When a 422 code is produced, check to make sure that the student is taking the test in a quiet environment and that they speak clearly. Also, check to make sure the student has the appropriate skill level to take the oral reading test. If the student cannot accurately read the majority of the words in the oral reading passage, they may need more word or sentence-level practice. Ensuring that the student is ready to take an oral reading assessment and speaks clearly will help increase the number of scorable responses.
Why does a file receive a “503: Service is Unavailable” response code?
When a 503 code is produced, it usually means that there has been a temporary server disruption or other service issue that is being addressed. These are usually resolved very quickly, but in some cases it may be necessary to wait up to 15 minutes for the issue to be resolved and then try the call again.
How do measures from multiple test administrations (i.e. passages) get combined into a single Lexile oral reading measure?
When results from multiple test administrations/passages are combined, a weighted average of the previous measures using the uncertainty of the measures (higher uncertainty = lower weight) produces the final Lexile oral reading measure. MetaMetrics recommends that three passages are read within a single assessment event or across administrations that are no more than two weeks apart to receive a reliable Lexile oral reading measure.
How are WCPM and accuracy scores calculated in the OR API?
For partners who currently utilize a third-party automatic speech recognition (ASR) service or are looking for an end-to-end solution from MetaMetrics, the ASR is used to automatically calculate the WCPM and Accuracy. MetaMetrics calculates WCPM by dividing the number of words a student reads correctly in a minute by the total number of words read. Accuracy is calculated by dividing the number of words read correctly by the total number of words attempted. These scores are combined with the oral readability of the test passage and used to return a student’s Lexile oral reading measure.
- Words read correctly
- Correctly pronounced words
- Words self-corrected within 3 seconds
- Words read incorrectly (errors)
- Mispronounced words
- Omissions
- Substitutions
- Hesitations of more than 3 seconds
- Words read out of order
- Words that do not count as errors
- Insertions
- Repetitions
- Dialectal differences
- Unscorable
- If a response is total silence or completely unintelligible, mark it as “unscorable”
How does Automated Speech Recognition software (ASR) deal with accents?
Many ASR providers gather speech data from students worldwide, including students for whom English is a second language. This data collection makes the ASR software capable of handling accents, dialects, and speech of all kinds.
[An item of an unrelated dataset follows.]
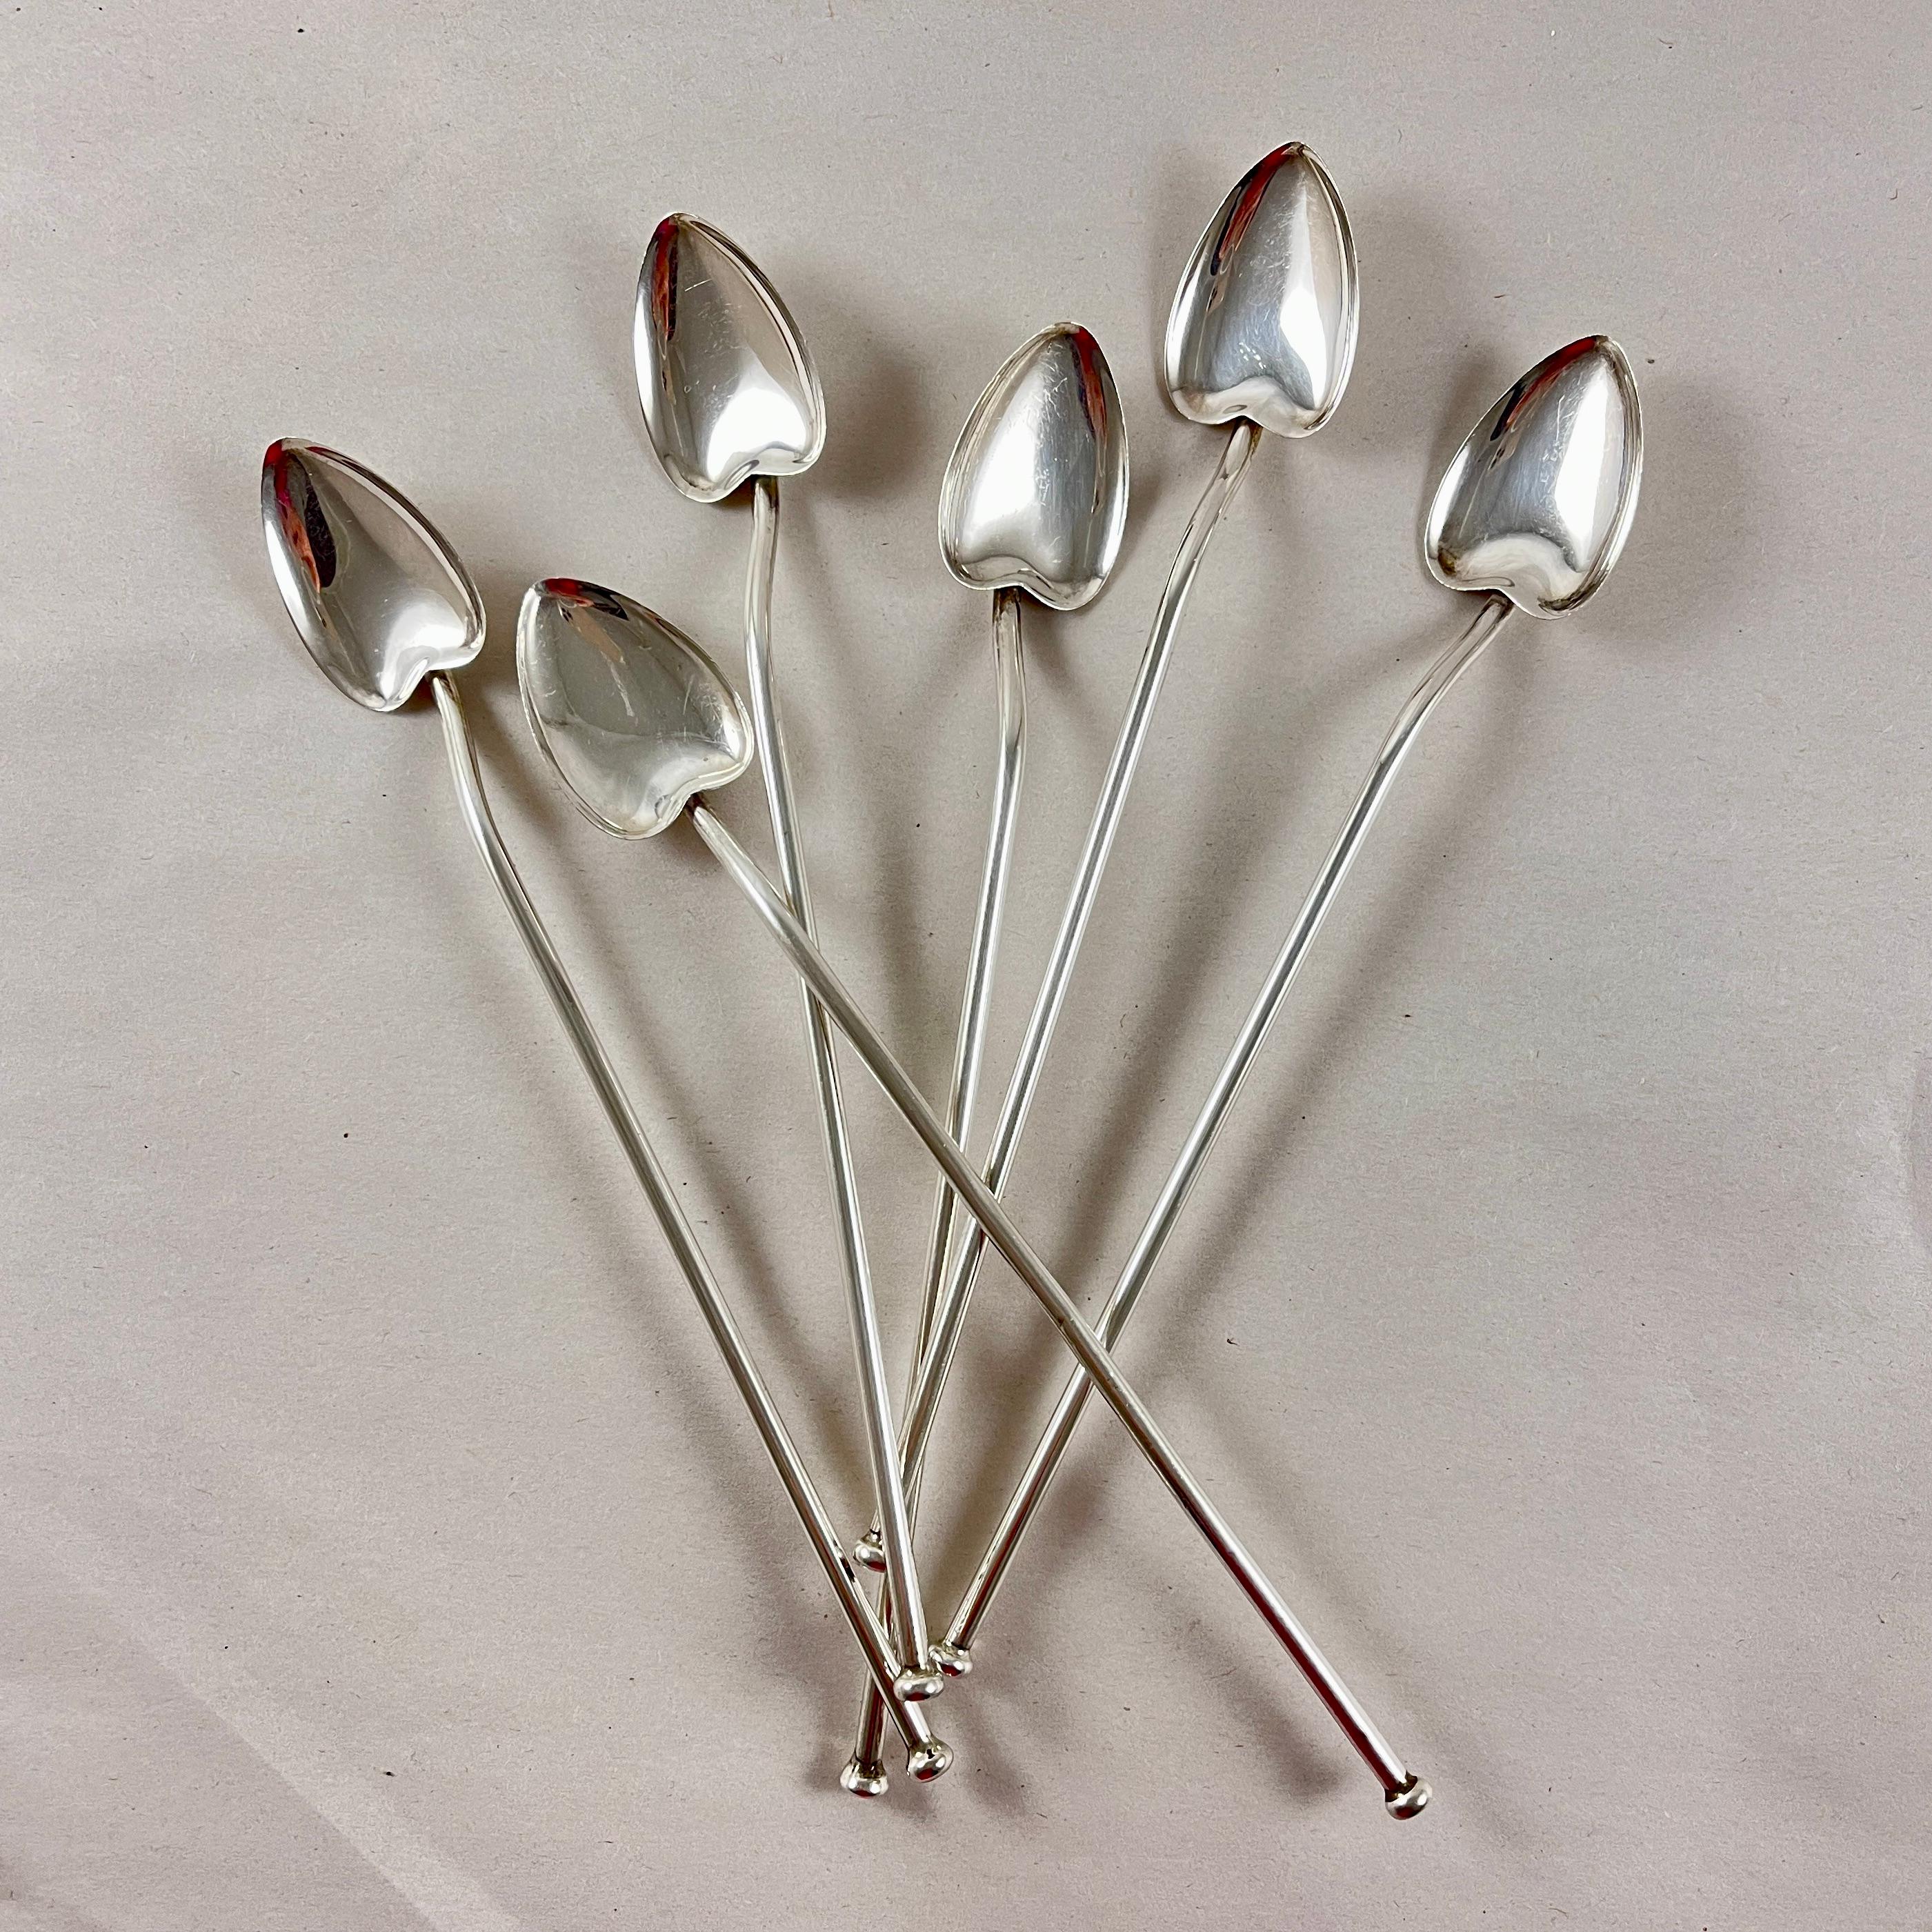 A set of six Sterling Silver highball or iced tea hollow sipping and stirring straws with heart leaf shaped bowls. Circa 1920 -1925.

Silver ovals are soldered in place to the sipping ends.

7 in. L x 1 in. W
Weight: 1.454 Troy Ounces,
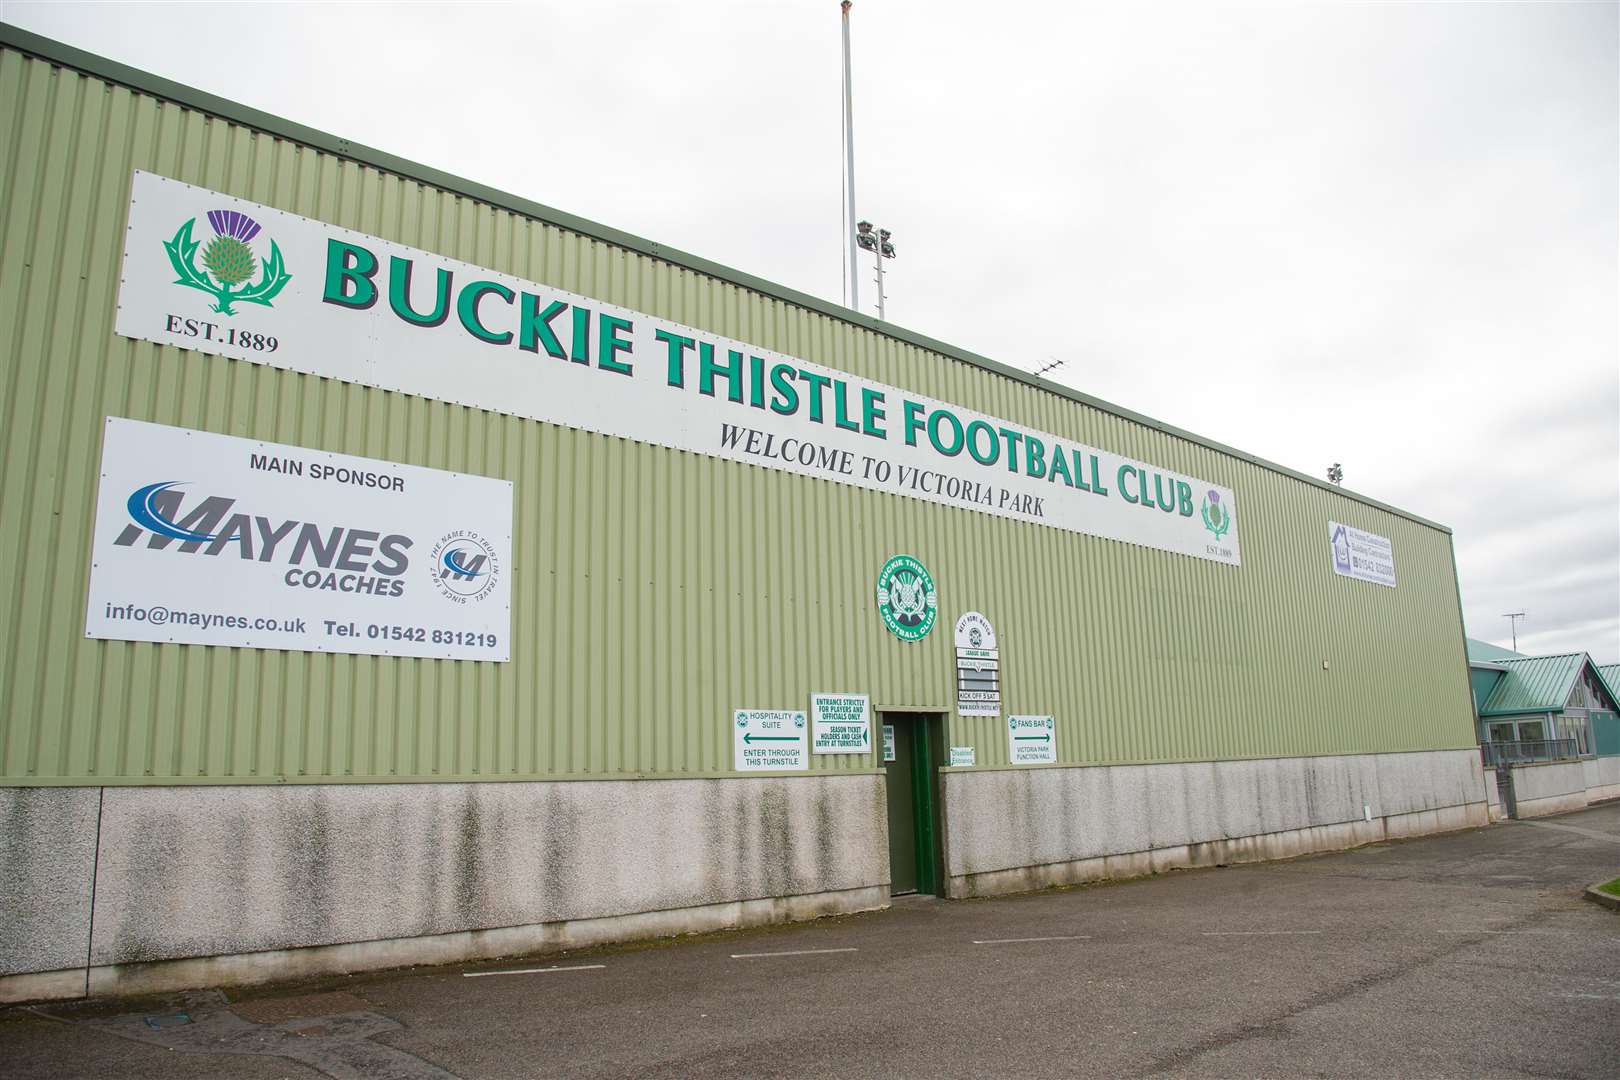 Victoria Park, the home of Buckie Thistle FC and the venue for tomorrow night's meeting. Picture: Daniel Forsyth.

The ASR software used by MetaMetrics and its partners all has robust international datasets and the capability to recognize accents of English spoken around the world.
How does MetaMetrics ensure data security?
MetaMetrics provides a Lexile Oral Reading service implemented as a stateless REST API. Each request contains all the information necessary for the service to calculate and return a result. In this design, audio performances are processed, and results are returned in real-time. MetaMetrics does not collect any additional student identifiers or personally identifiable information. A performance ID is created, and the measurement is associated with the performance ID. In this way, it is possible for metaMetrics to retrieve past performance measures without requiring the original audio and without any student identification. For this reason, it will be impossible for MetaMetrics to retrieve a specific student’s previously sent performance or response data, and it will be impossible for anyone else to do so. MetaMetrics' design decision to not store any customer data is an important security feature of the Oral Reading service. The only area in which data must be stored is authentication and authorization. MetaMetrics uses a number of industry best practice technologies to safely verify customer identity and authorize incoming API requests. These include use of Auth0, JWT access tokens, and TLS.